Higher education and churches are exemplars of slow change.  There are many examples of higher education disruption in this curation stream.  Here's the first church-based example with more to come.  The lessons apply to all change leaders, especially considering the pervasiveness of culture & belief in institutions of all types.



Excerpted:

 

Tom Standage of The Economist magazine wrote an article comparing the Protestant Reformation to the current use of social media in the Arab Spring.

 

Martin Luther, he says, was a relatively unknown cleric who took advantage of the hottest technology of 1517. He wrote short articles and theses, printed short and punchy pamphlets and also developed catchy hymns to pass his message along.

 

Tom points out three major ways that the Reformation-age use of printing parallels our own social media.

 

1) he connected directly with the everyman, writing in German, not Latin.
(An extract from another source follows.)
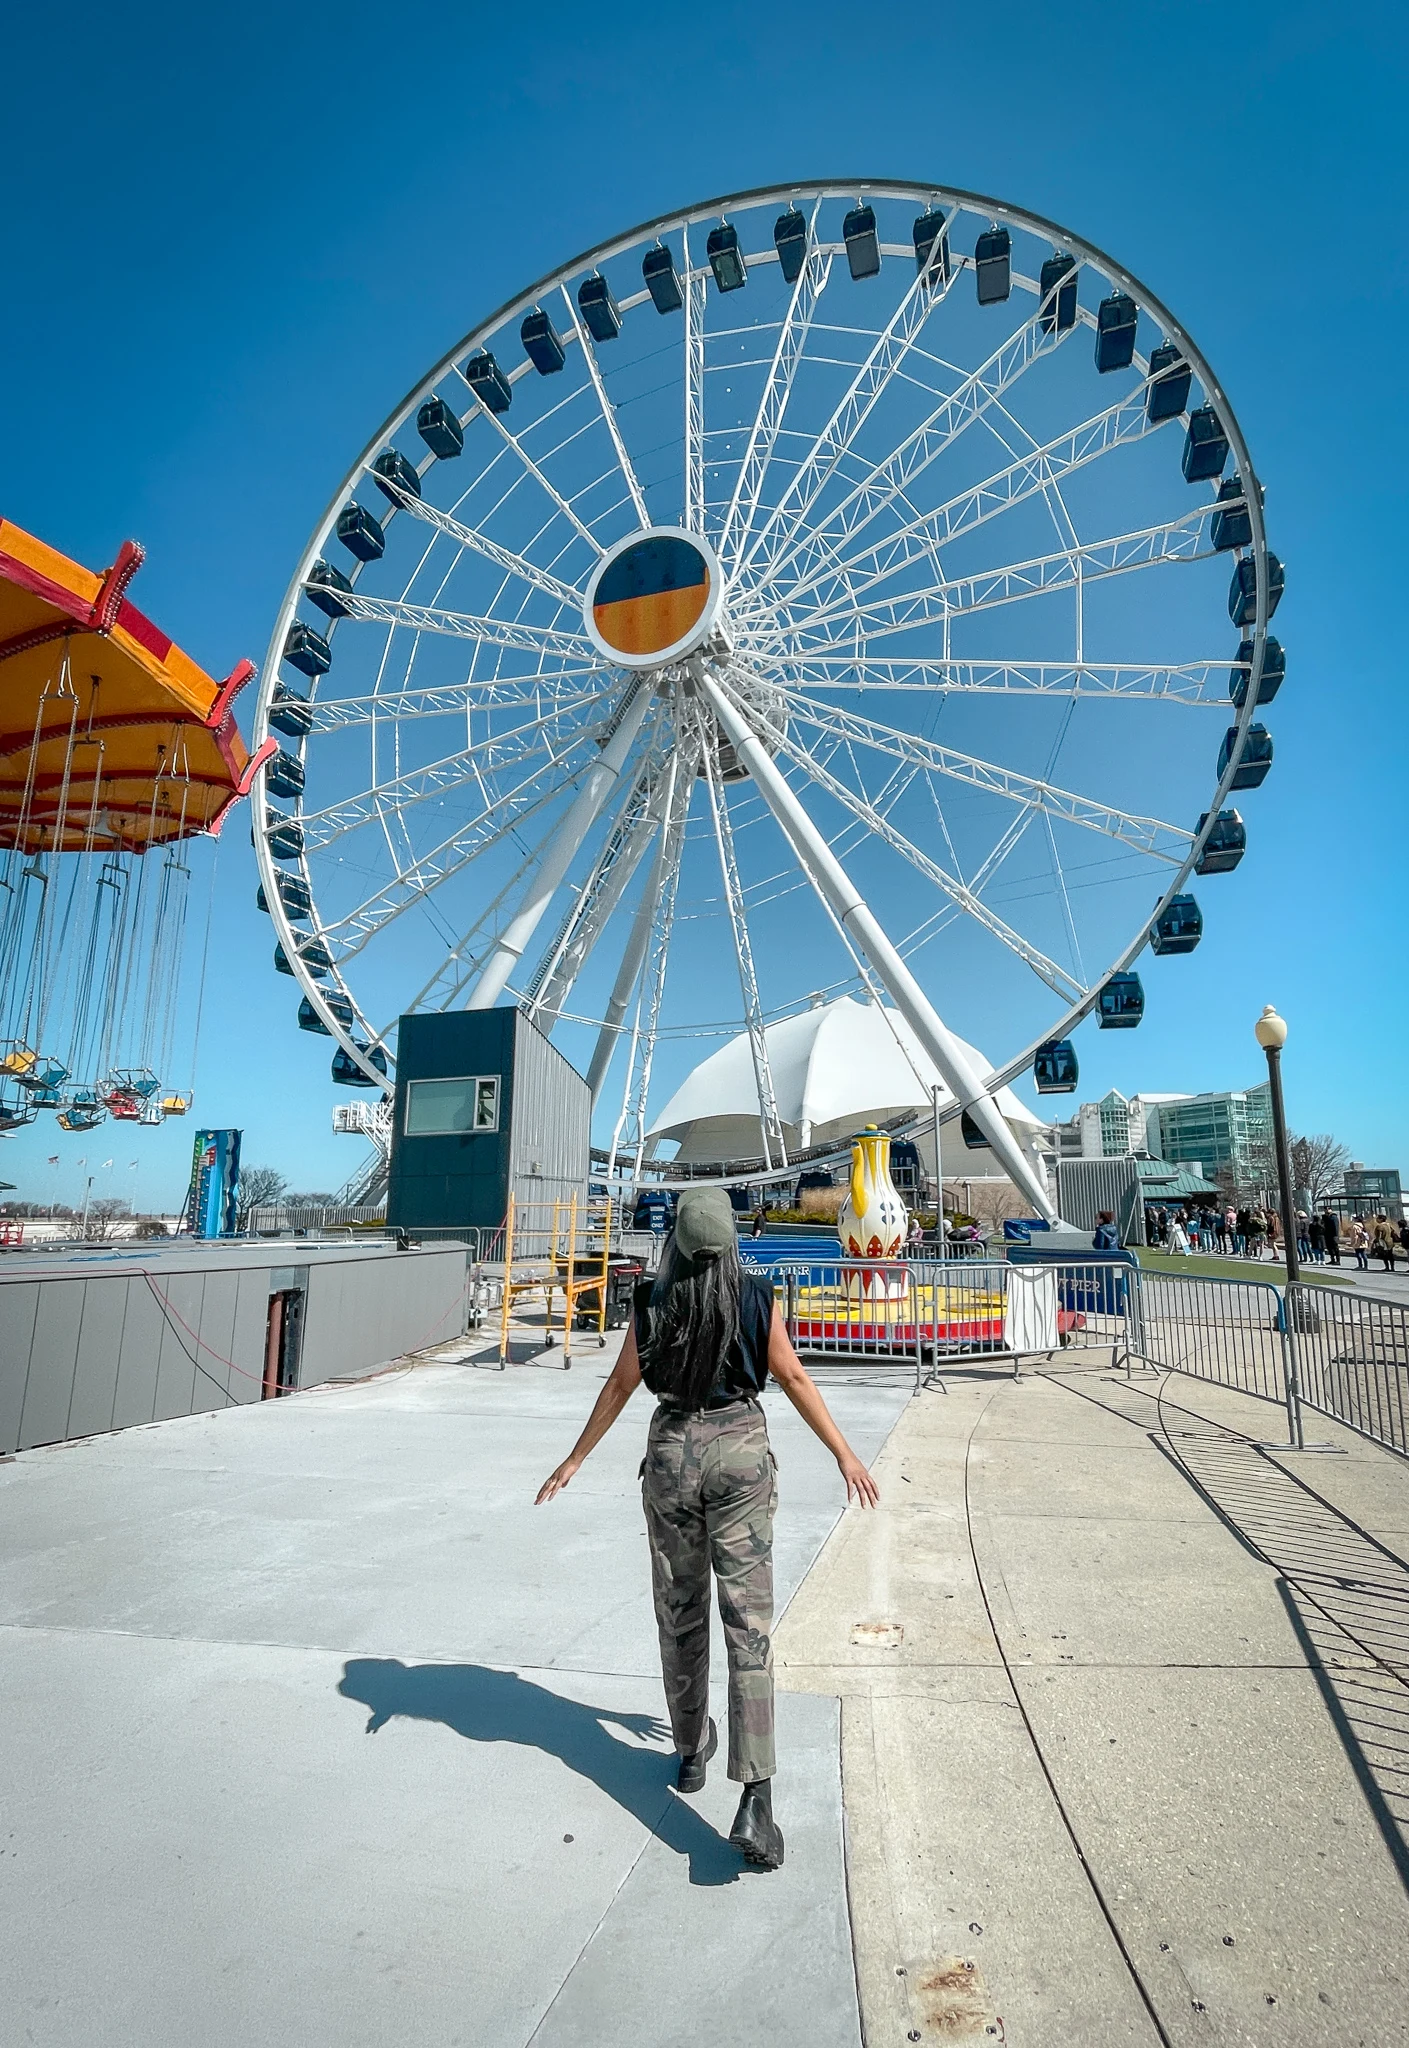 Centennial Ferris Wheel at Navy Pier in Chicago Illinois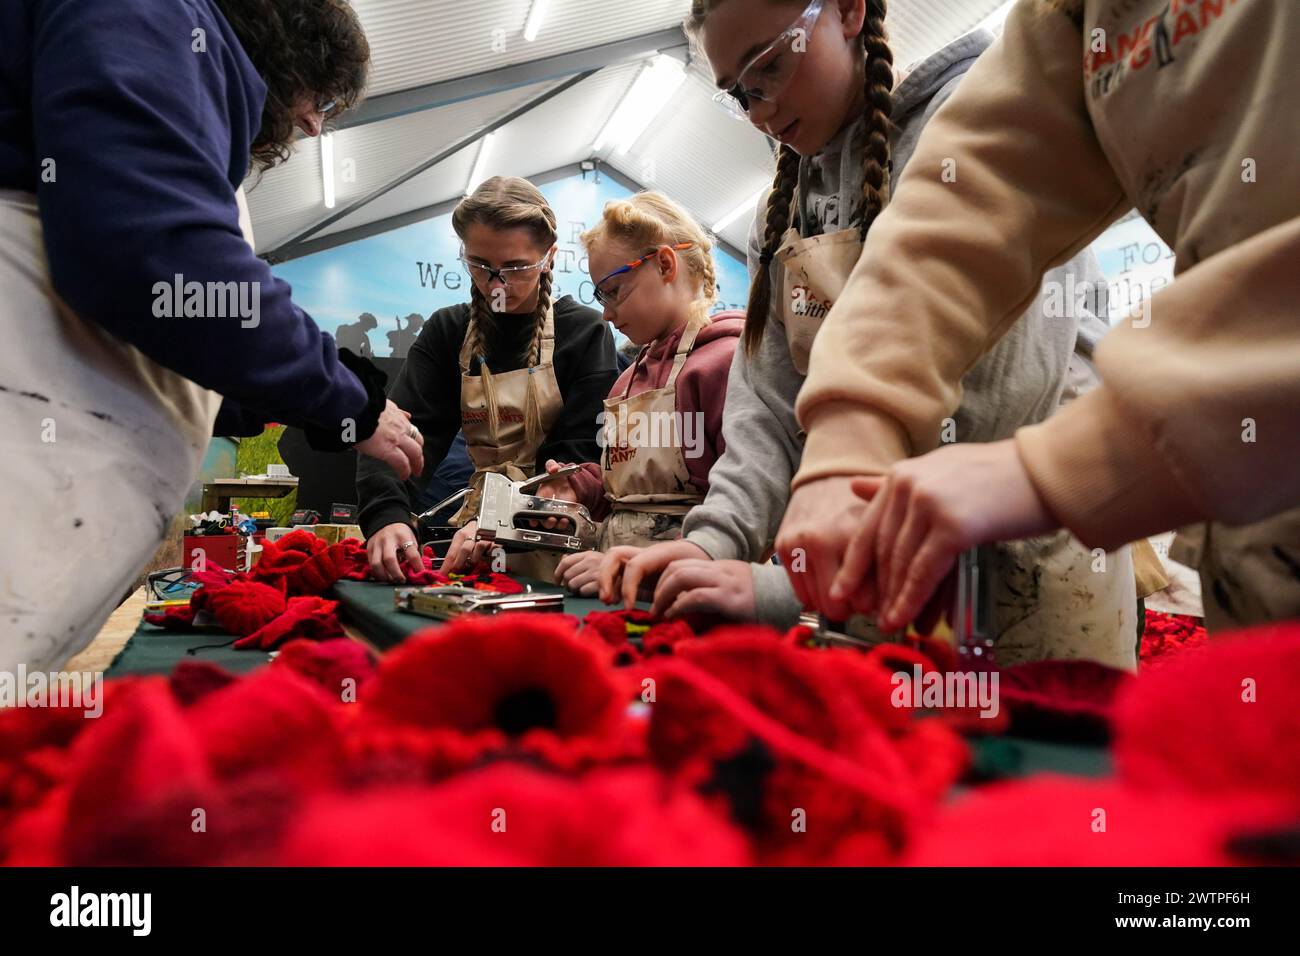 Strickmohn wird in einer Werkstatt in Oxford hergestellt, in der über 200 Silhouetten von Soldaten des Zweiten Weltkriegs hergestellt werden, bevor sie zum 80. Jahrestag des D-Day in die Normandie gebracht werden. Bilddatum: Samstag, 16. März 2024. Stockfoto

He lead singing that stuck with people. He wrote short, non-theological works to make powerful points.

 

2)  When the church wanted to refute Luther, they wrote in Latin and attacked his theology. ...church leaders understood, but failed to capture the everyman...

 

3)  Finally, ...Martin Luther ultimately could not control his own message.   ...On the negative side, this lead to a bloody peasant's rebellion that Luther had to distance himself from. On the positive side, ...the Reformation was free to spread out of Germany and across the world.